Geneticists regularly use viruses as vectors to introduce genes into cells that they are studying. This is useful for making the cell produce a foreign substance, or to study the effect of introducing a new gene into the genome. In similar fashion, virotherapy uses viruses as vectors to treat various diseases, as they can specifically target cells and DNA. It shows promising use in the treatment of cancer and in gene therapy.

Materials science and nanotechnology

In April 2006 scientists at the Massachusetts Institute of Technology (MIT) created nanoscale metallic wires using a genetically-modified virus. The MIT team was able to use the virus to create a working battery with an energy density up to three times more than current materials. The potential exists for this technology to be used in liquid crystals, solar cells, fuel cells, and other electronics in the future.

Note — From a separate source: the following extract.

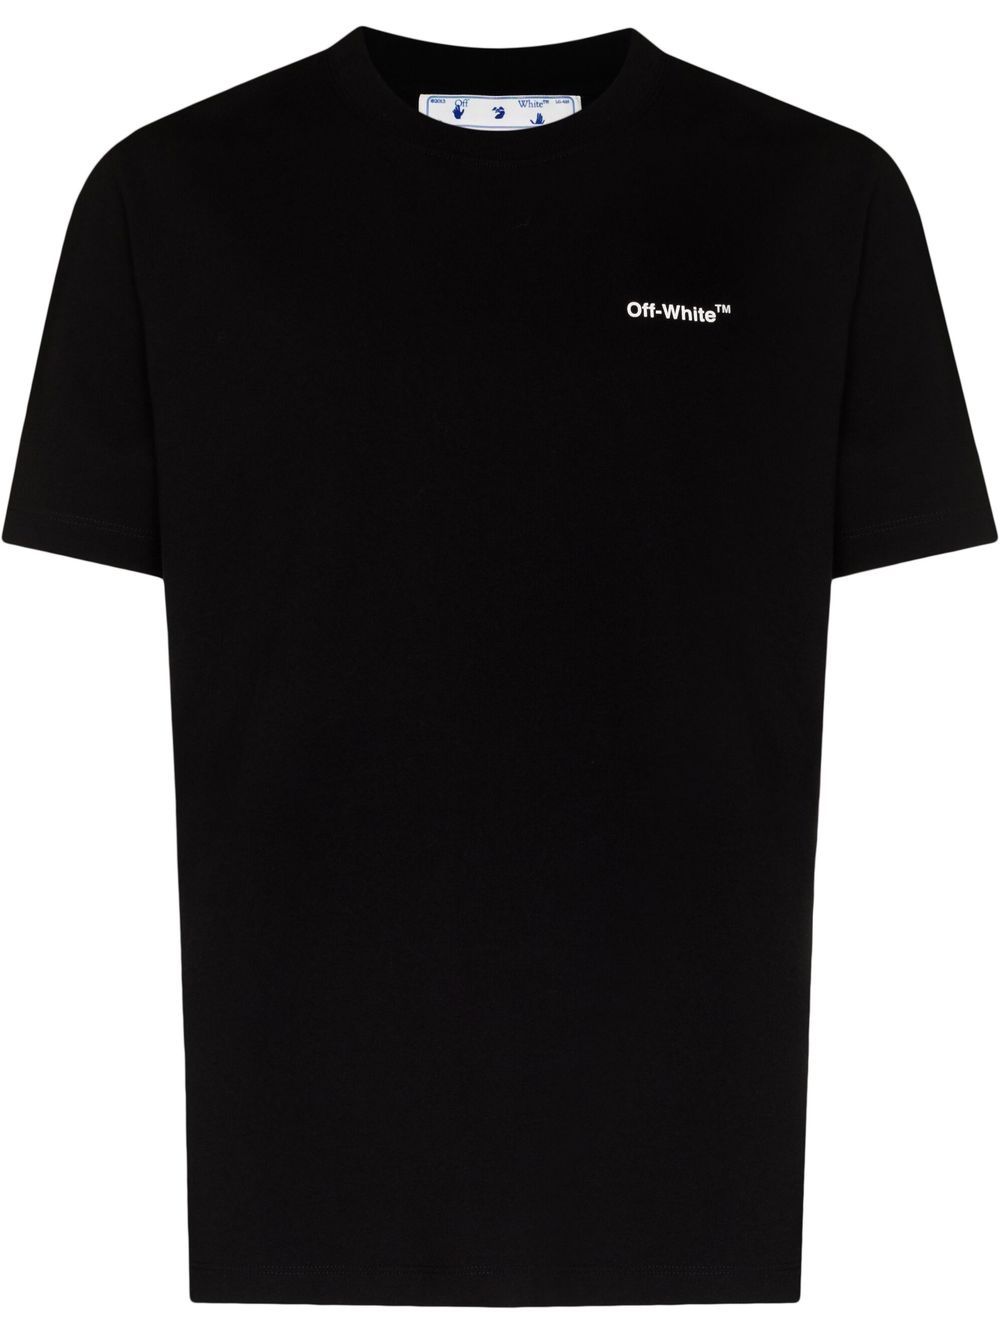 OFF-WHITE CARAVAGGIO ARROW 图案短袖T恤

The reconstructed 1918 influenza virus

Weapons

For more details on this topic, see Biological warfare.

The ability of viruses to cause devastating epidemics in human societies has led to the concern that viruses could be weaponized for biological warfare. Further concern was raised by the successful recreation of the infamous 1918 influenza virus in a laboratory. The smallpox virus devastated numerous societies throughout history before its eradication. It currently exists in several secure laboratories in the world and fears that it may be stolen and used as a weapon are not totally unfounded. The modern global human population has almost no established resistance to smallpox; if it were to be released, a massive loss of life could be sustained before the virus was brought under control.